If the secretssafe package is installed inside a virtual environment, the environment must be first activated for ssrun to be on the path and thus executable.

Configure the Initial Context

Contexts allow for multiple DevOps Secrets Safe instances to be easily configured and accessed from a single client machine. On preliminary installation, execute the following to be prompted for details of the initial context:

ssrun context create

Follow the prompts to configure the DevOps Secrets Safe instance that the CLI initially interacts with. To view your configured clusters, execute the following:

ssrun context get
*          localhost  localhost        8443  v1             false

The initial context is set to current (configuration to use during any other CLI action) on creation, and any subsequent contexts created can be configured as current with the following command:

ssrun context set-current -n <context_name>

In addition, specific environment variables can be used to override the current context:

export SECRETSSAFE_HOST=<IP address or hostname of Secrets Safe instance>
export SECRETSSAFE_PORT=<port of Secrets Safe instance>
The following variable is necessary if the certificate authority is not publicly trusted:
export SECRETSSAFE_VERIFY_CA=<path_to_ca_cert>

The DevOps Secrets Safe CLI verifies the SSL certificate presented by the DSS instance. The SECRETSSAFE_VERIFY_CA environment variable or SSL CA context attribute specifies the path to the CA certificate that the DSS certificate is checked against.

If no SECRETSSAFE_VERIFY_CA is specified, the default certificate bundles provided by the Python requests library are used.

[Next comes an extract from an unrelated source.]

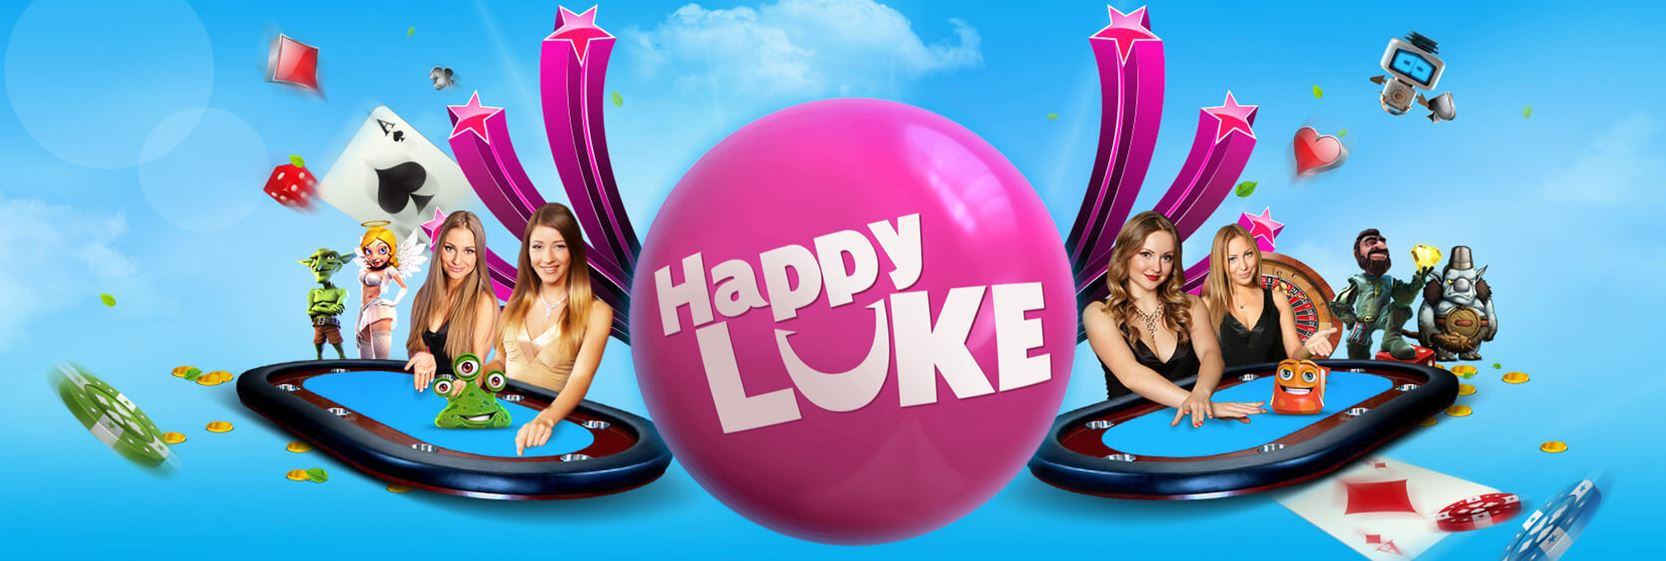 Happy Luke mở Khuyến mãi siêu đặc biệt chào mừng thành viên mới 3

Certificate verification can be disabled by setting SECRETSSAFE_VERIFY_CA=false. We strongly discouraged this practive for production environments.

To use these environment variables by default, rather than by manually managing contexts, you can make them persistent in the shell environment. They can be stored in a users ~/.bashrc file.

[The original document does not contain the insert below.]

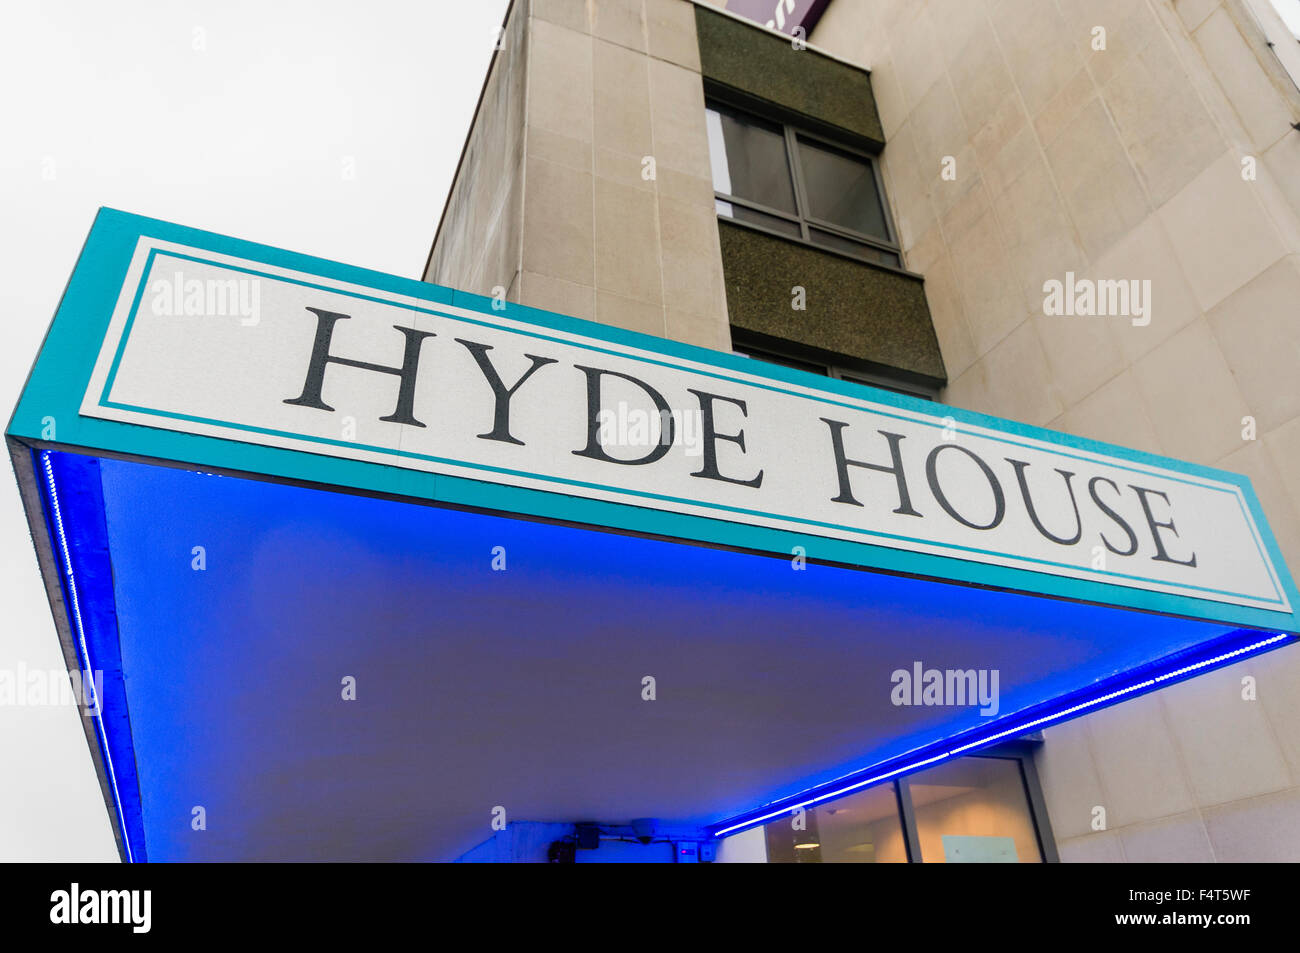 Hyde House, Edgware Road, Hendon, London Stock Photo

echo 'export SECRETSSAFE_HOST=' >> ~/.bashrc 
echo 'export SECRETSSAFE_PORT=443' >> ~/.bashrc
echo 'export SECRETSSAFE_VERIFY_CA=false' >> ~/.bashrc
source ~/.bashrc	

In this example, certificate verification has been set to false. While this is convenient for testing, we do not recommend this for production environments.

Bash Autocompletion

The DevOps Secrets Safe CLI comes with the ability to configure bash autocompletion for ease of use and convenience. To install bash completion globally, execute the following:

ssrun completion bash > /etc/bash_completion.d/ssrun

This will allow any new bash instances to autocomplete the DevOps Secrets Safe CLI commands on demand. Sudo rights might be required to be able to write to /etc/bash_completion.d/.